Saint-Vallier – Conférence sur l’IA
Philippe Cazeneuve : « L’intelligence, c’est le propre du vivant »
Mercredi 8 octobre, à l’ECLA de Saint-Vallier, une trentaine de personnes ont assisté à une conférence animée par Philippe Cazeneuve, spécialiste des cultures numériques. Avec humour et clarté, il a proposé une réflexion profonde sur l’intelligence artificielle et la place de l’humain face à la machine.
Le spectacle est vivant, ponctué de scènettes, d’humour et de nombreux échanges avec le public. Philippe Cazeneuve interpelle souvent la salle, invite à réagir, questionne les usages de l’IA au quotidien. Une trentaine de personnes, toutes d’un certain âge, participent activement : certains posent des questions techniques, d’autres s’interrogent sur les conséquences sociales ou environnementales de ces nouvelles technologies.
Après avoir ouvert la séance par une petite scènette avec un robot, Philippe évoque 2001, l’Odyssée de l’espace le film de Stanley Kubrick avant d’introduire son propos : selon lui, l’intelligence artificielle n’est ni intelligente, ni artificielle. Elle repose sur des données bien réelles, matérielles, stockées dans des « data centers », et son intelligence n’est que celle qu’on lui donne. Ancien concepteur multimédia et sociologue de formation, Cazeneuve met en avant une vision humaine et sociale du numérique. « L’intelligence, c’est le propre du vivant. Les machines, elles, jusqu’à preuve du contraire ne sont pas vivantes. »
Il revient ensuite sur les grandes étapes de l’IA, de Deep Blue à AlphaGo. Ces programmes ont battu les meilleurs joueurs d’échecs et de Go, mais en rejouant des stratégies humaines déjà existantes. ChatGPT, lui, ne crée rien de nouveau : il réorganise des idées, de la connaissance déjà existante. Pour Cazeneuve, l’IA est avant tout un outil de productivité, pas de pensée. Et si elle peut être utile, elle reste limitée à ce qu’on lui apprend. « C’est efficace quand on sait juger la réponse, mais dangereux quand on ne connaît pas le sujet. »

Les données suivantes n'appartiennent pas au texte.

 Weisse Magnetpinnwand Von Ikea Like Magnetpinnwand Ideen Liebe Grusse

Philippe Cazeneuve alerte également sur le coût environnemental du numérique : une requête sur ChatGPT consomme dix fois plus d’électricité qu’une recherche sur Google. Extraction de minerais, travail d’enfants, consommation énergétique record… « Des réacteurs nucléaires vont naître un peu partout pour faire tourner des algorithmes. Dans l’état actuel de la géopolitique ça semble assez risqué » s’inquiète t’il.

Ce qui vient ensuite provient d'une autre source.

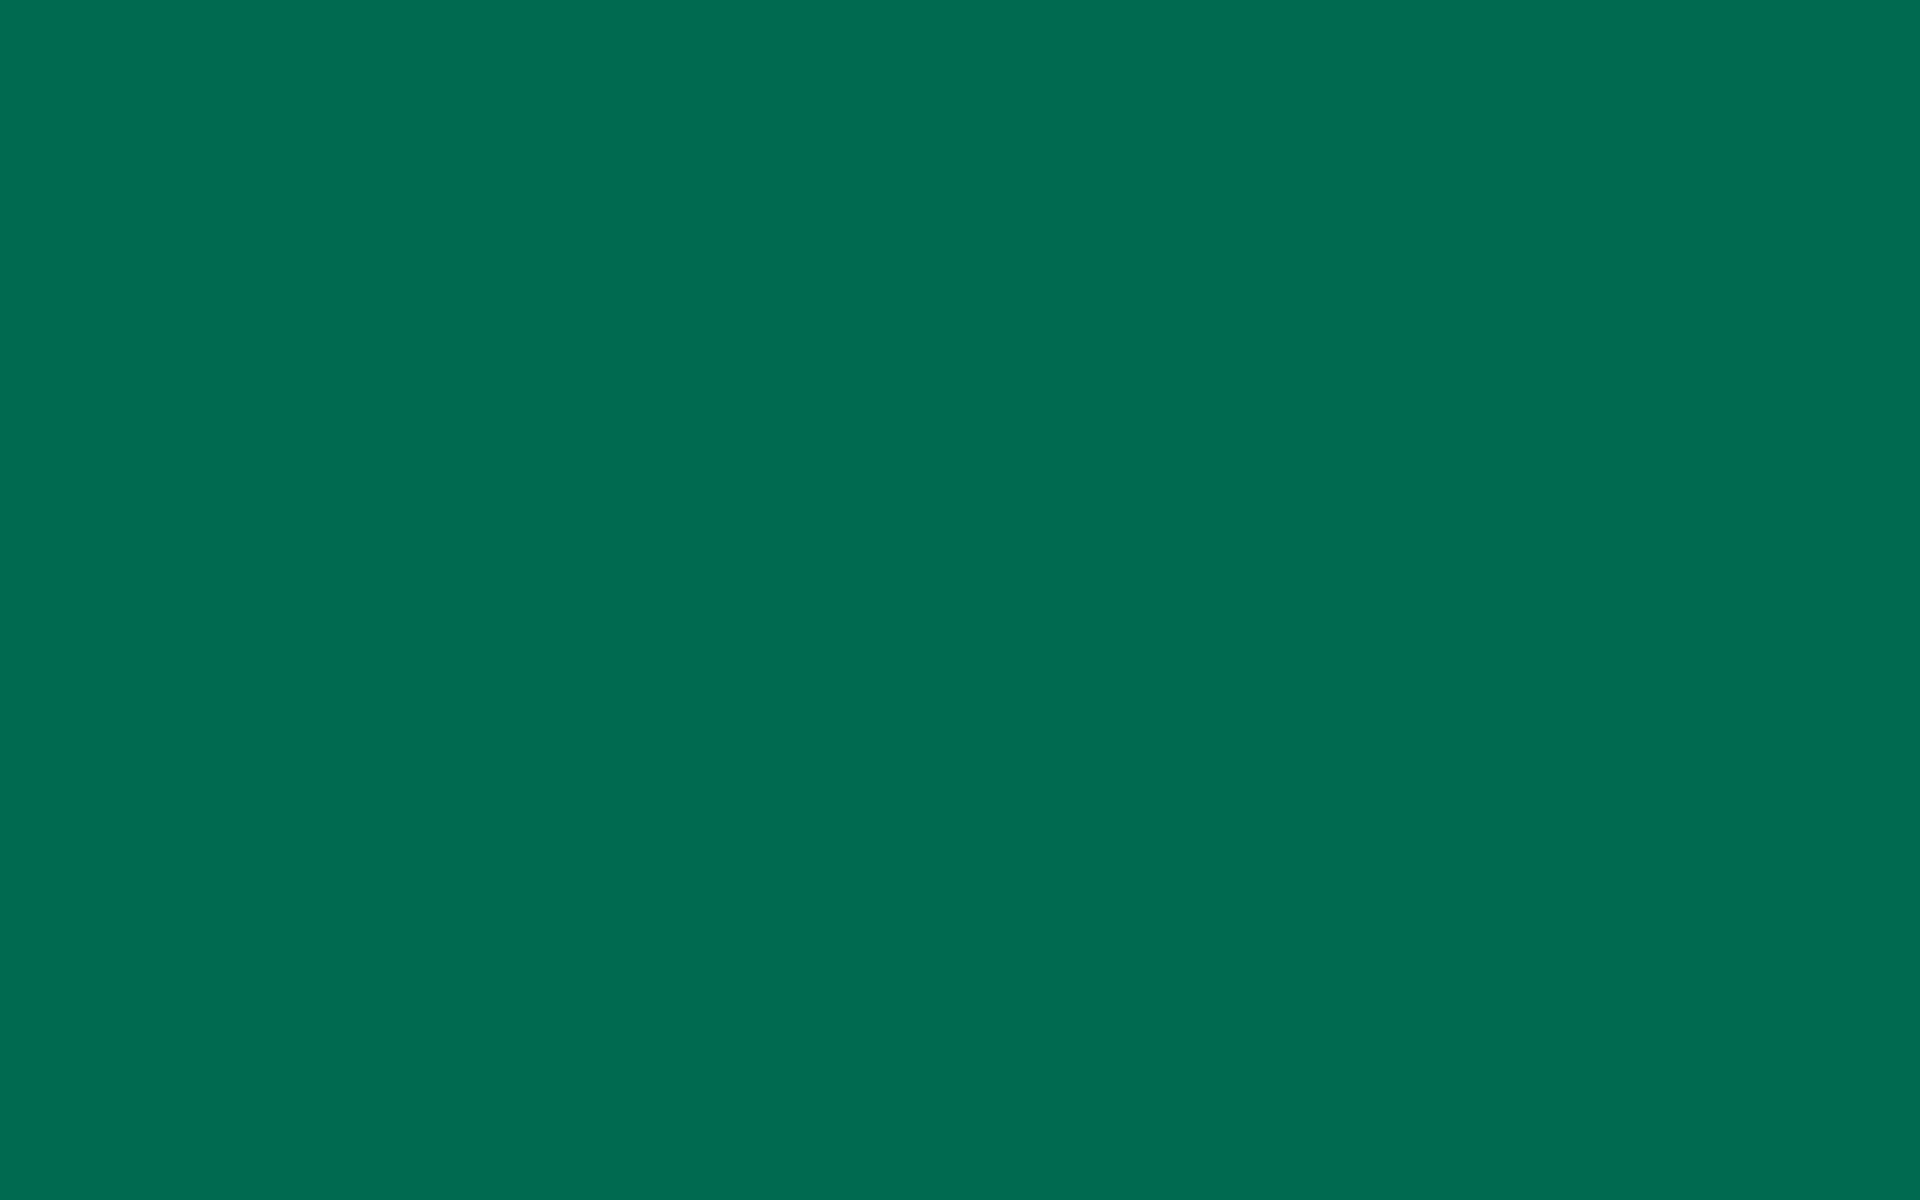 1920x1200 Bottle Green Solid Color Background

Autre sujet sensible : l’attachement émotionnel aux IA. « Le danger, c’est de personnaliser le robot, de lui dire bonjour ou merci, comme s’il nous comprenait. » Pour des personnes déjà fragiles, cette illusion de présence peut renforcer l’isolement.
Cazeneuve évoque aussi l’impact sur l’éducation : « Certains élèves font leurs devoirs avec ChatGPT. Il faut clairement apprendre à bien utiliser ces outils » En fin de conférence, il partage une vidéo du biologiste chercheur François Taddéi, militant de l’innovation dans l’éducation : « On n’apprendra pas au XXIᵉ siècle comme on a appris pendant les siècles précédents. » Et de conclure : « Les machines seront toujours plus fortes pour calculer ou mémoriser. À nous de faire ce qu’elles ne savent pas faire : réfléchir ensemble, créer, apprendre. Réinventons les manières d’apprendre, de faire de la recherche, d’enseigner. »
Jusqu’au bout, Philippe Cazeneuve s’adapte à son public. Avec humour et humanité, il aura su rendre accessible un sujet complexe, rappelant que l’enjeu n’est pas de craindre la machine, mais de préserver ce qui fait de nous des êtres vivants et pensants.